= Paula Temple =

British techno DJ and producer

Paula Temple is a British techno DJ and producer born in Manchester. She has performed under the name Jaguar Woman and runs the Noise Manifesto label. Her live sets have been described as "blurring the line between DJing and producing," layering in samples, editing and remixing on the fly, a technique that "brings depth and intensity" to her sound and making the sets "unique".

== Biography ==
=== Childhood and musical beginnings ===
Born in Manchester, Paula Temple grew up in Preston. She began producing music as a teenager, working for Action Records, a chain of specialist record shops, until her DJ work enabled her to devote herself to music full-time]. In 2002, Paula Temple published her first EP, The Speck Of The Future on Chris McCormack's Material label, in Sheffield where she lived for four years.

=== Withdrawal from performance ===
Faced with the misogyny of the music industry, Paula Temple withdrew from the scene and did not release any new material between 2003 and 2011. She then devoted herself to the development of electronic machines, in particular developing a MIDI controller with a crossfader, the MXF8, which made it possible to make music with a computer and eight turntables. In 2006, she gave training courses in Ableton music production software throughout the UK

=== Return to music ===
Since 2012, Paula Temple has been living in Berlin and back on the live circuit. In 2013, she released Colonized on R&S Records. In 2014 she released the Deathvox EP and then Oscillate in 2015 on the Modeselektor label.

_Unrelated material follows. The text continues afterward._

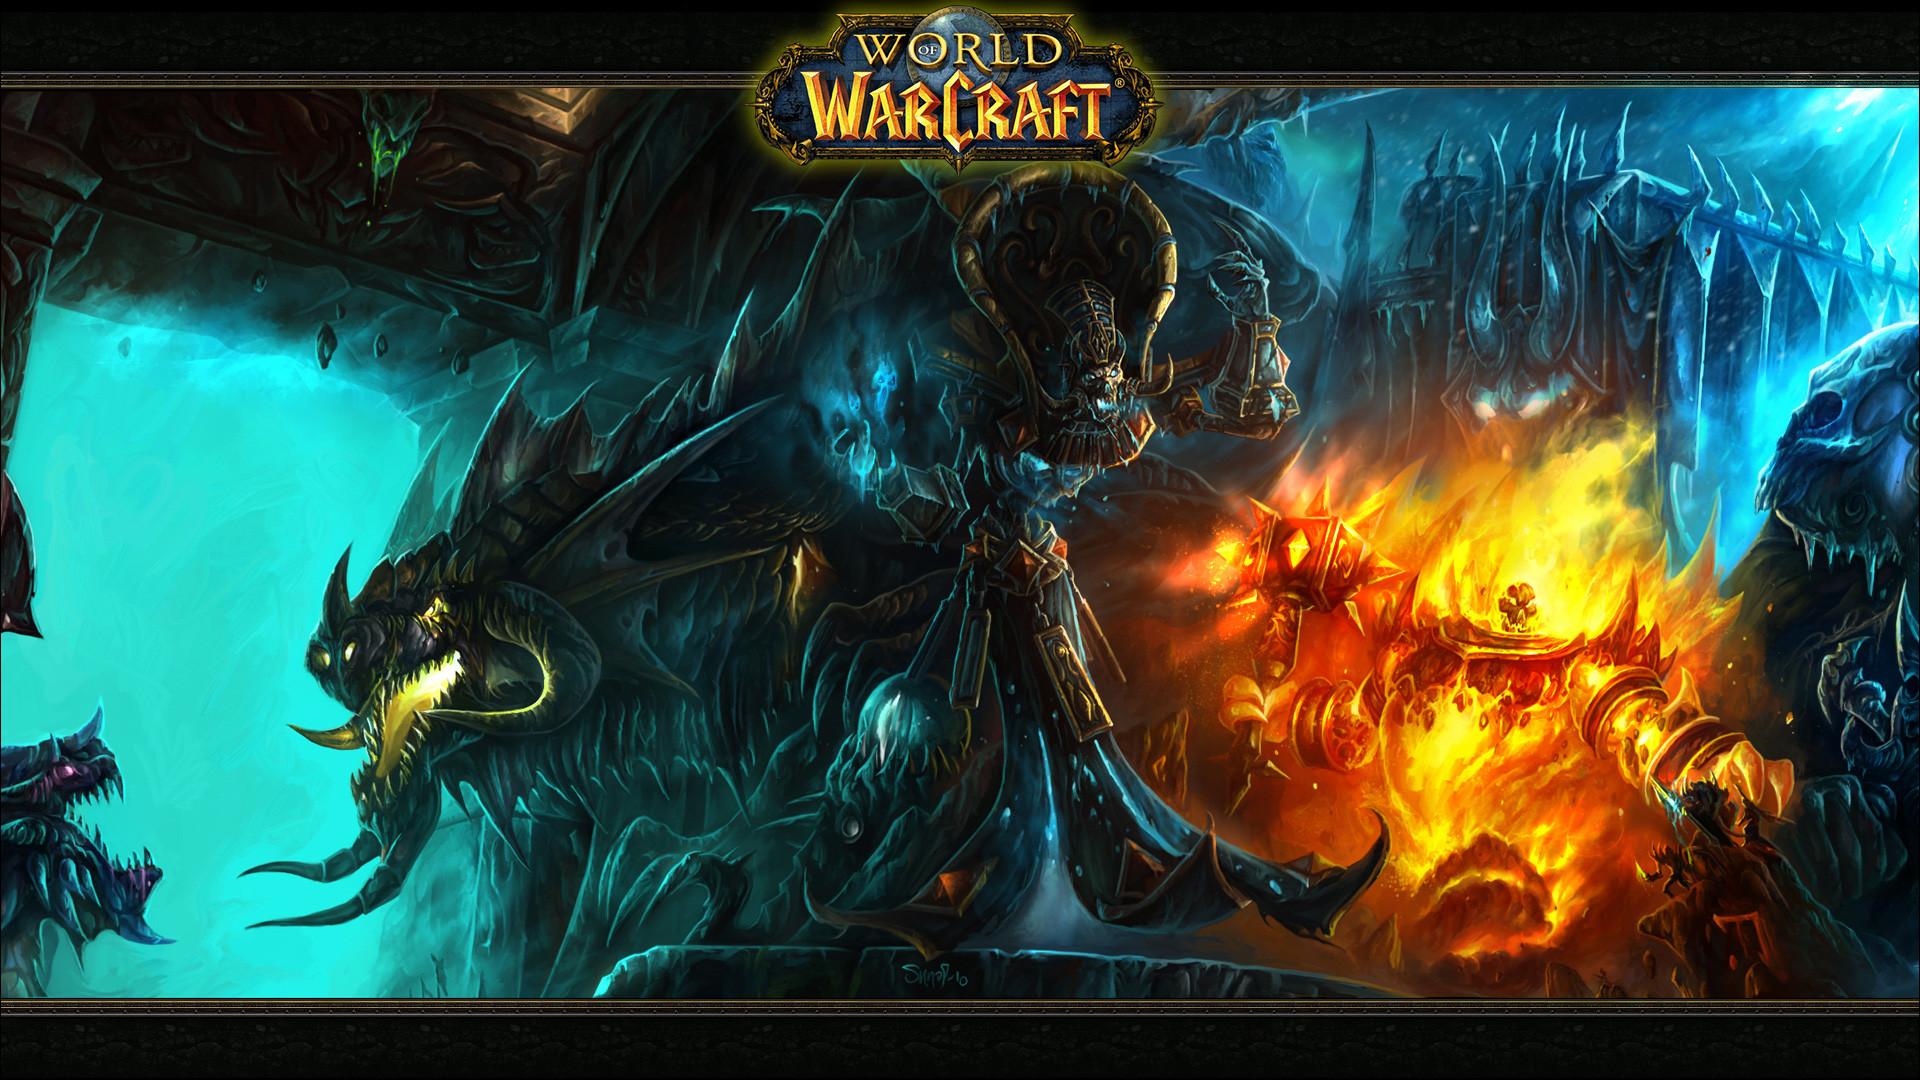 World of Warcraft Wallpaper (immagini)
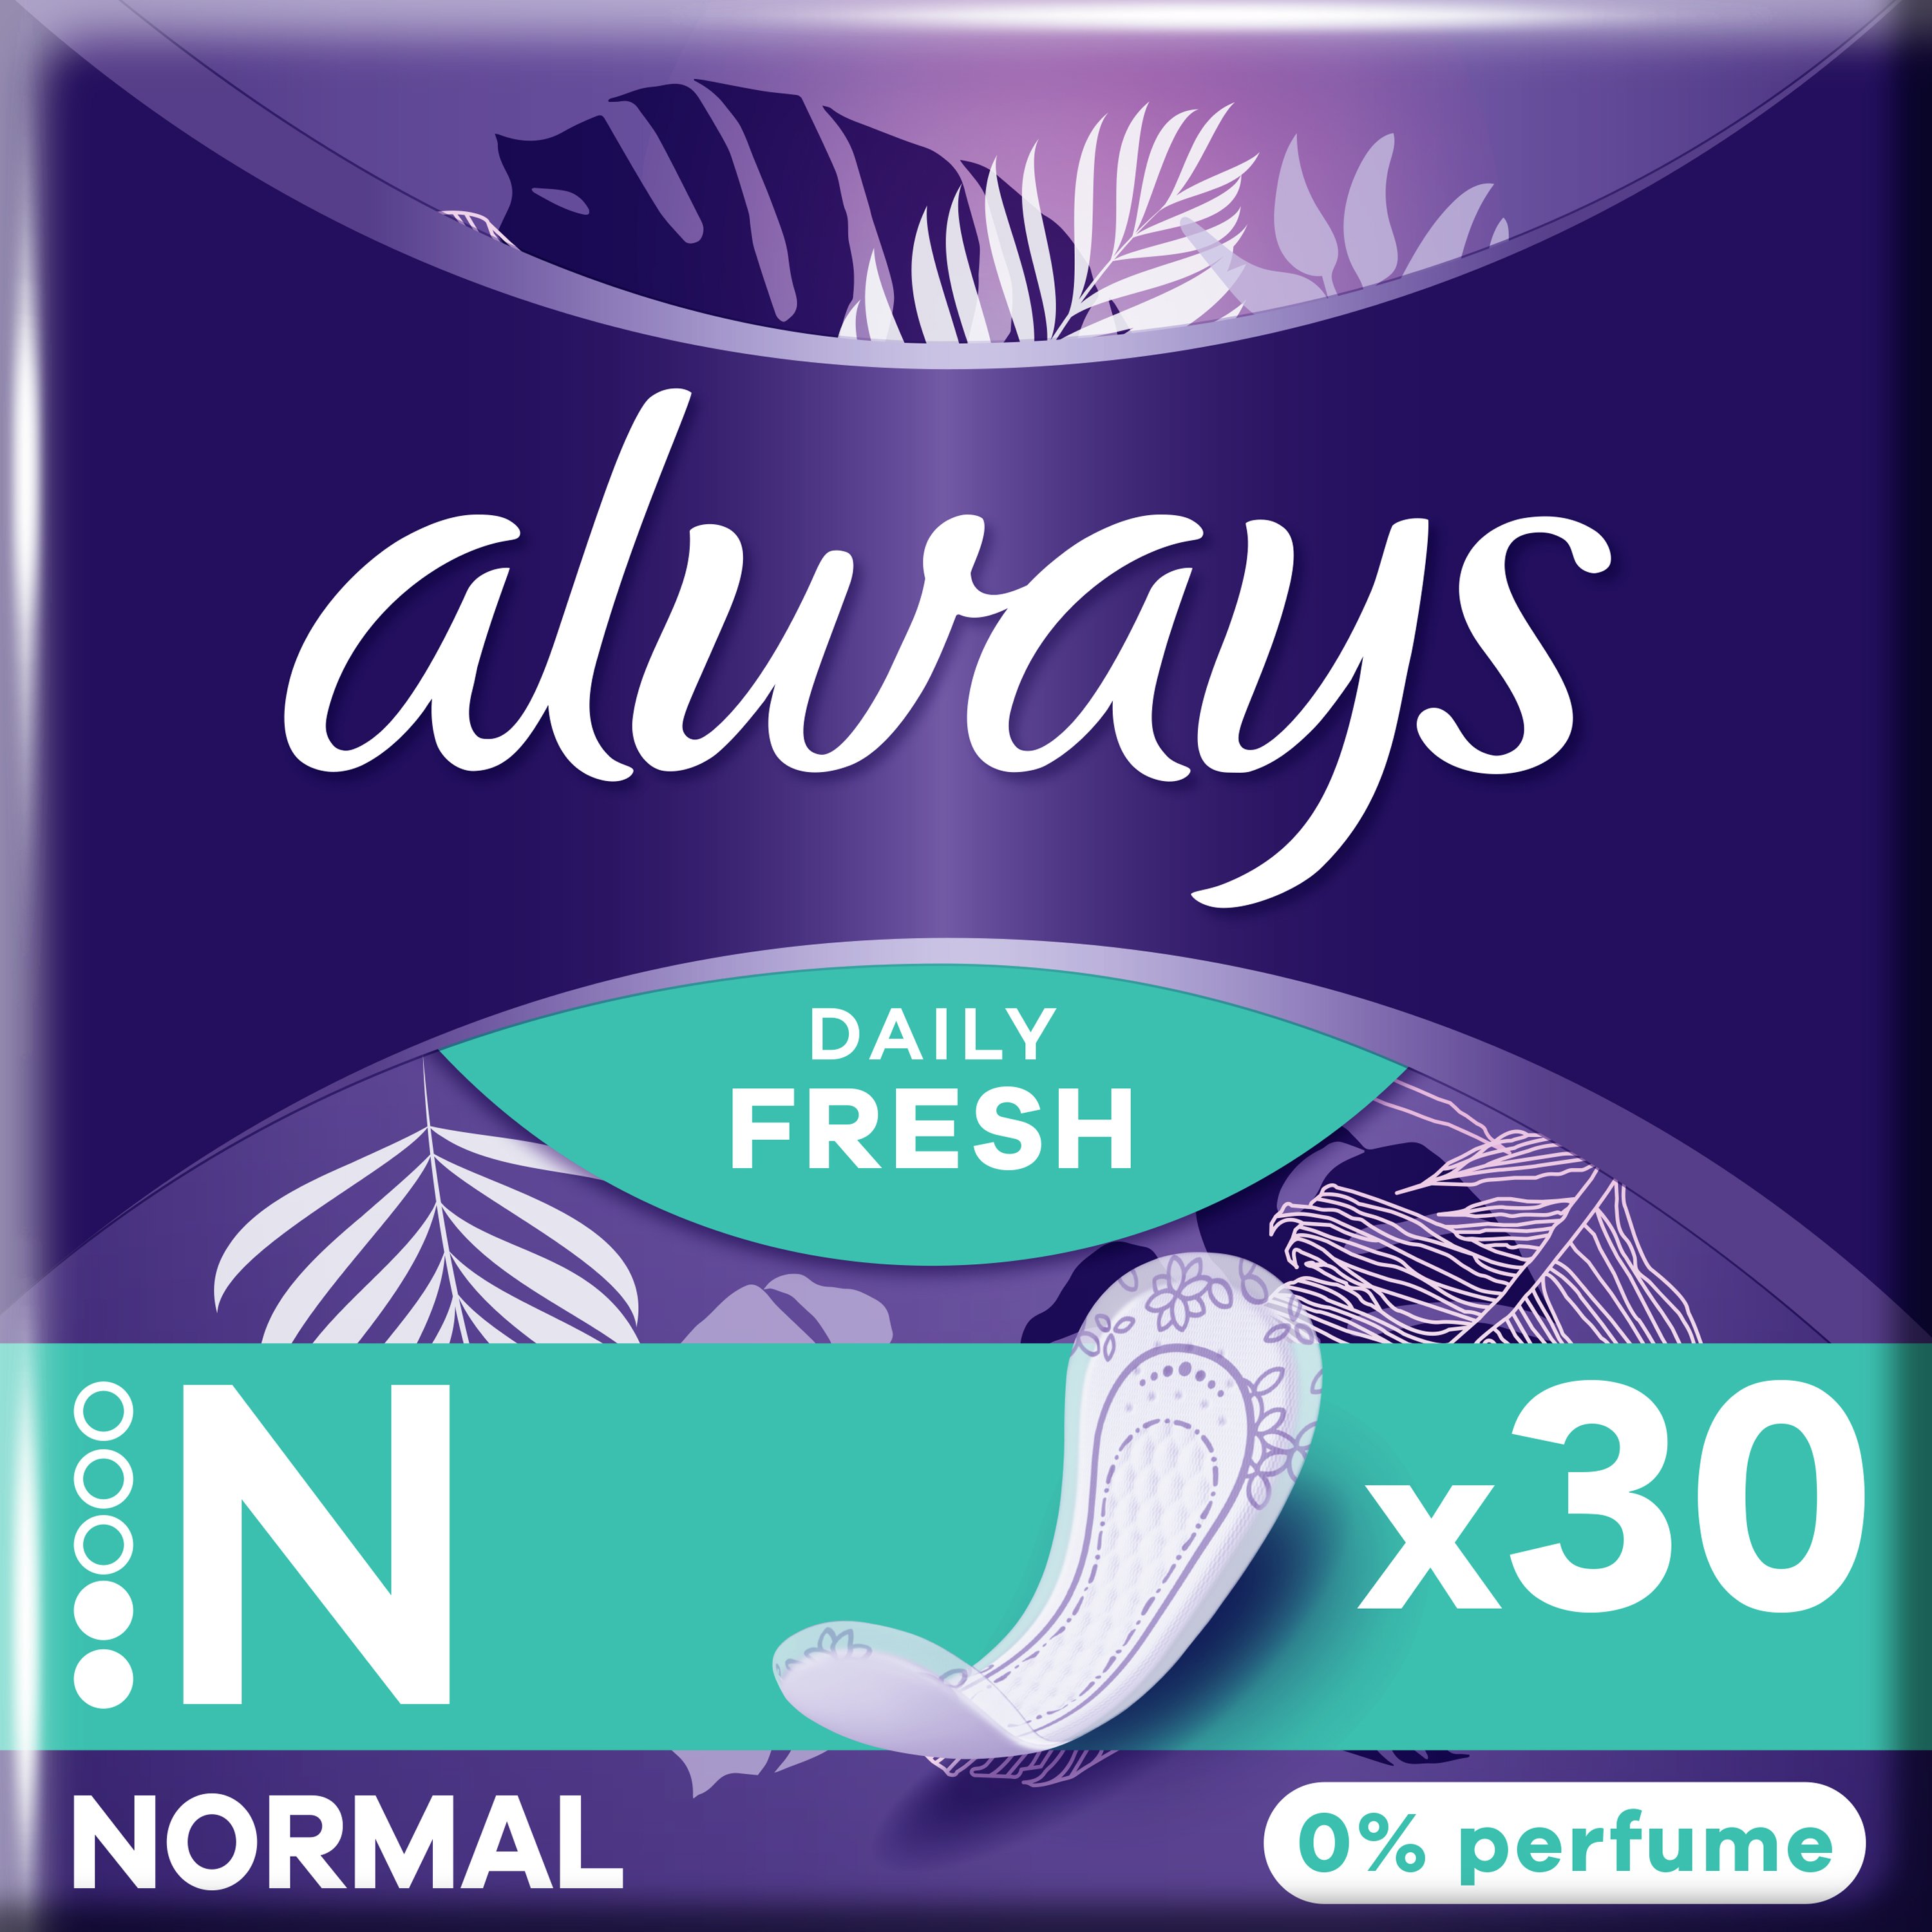 Always Daily Fresh Normal 0% Perfume Άνετα Σερβιετάκια Χωρίς Άρωμα για Καθημερινή Προστασία 30 Τεμάχια

Paula Temple founded her own label Noise Manifesto in 2015, on which she ensures that 50% of the artists represented are women or trans. On 3 May 2019, after a career spanning more than 15 years, she released her first album on the label, Edge Of Everything. The album, featuring twelve tracks of industrial techno, was described as critical of unscrupulous managers and an archaic vertical hierarchy.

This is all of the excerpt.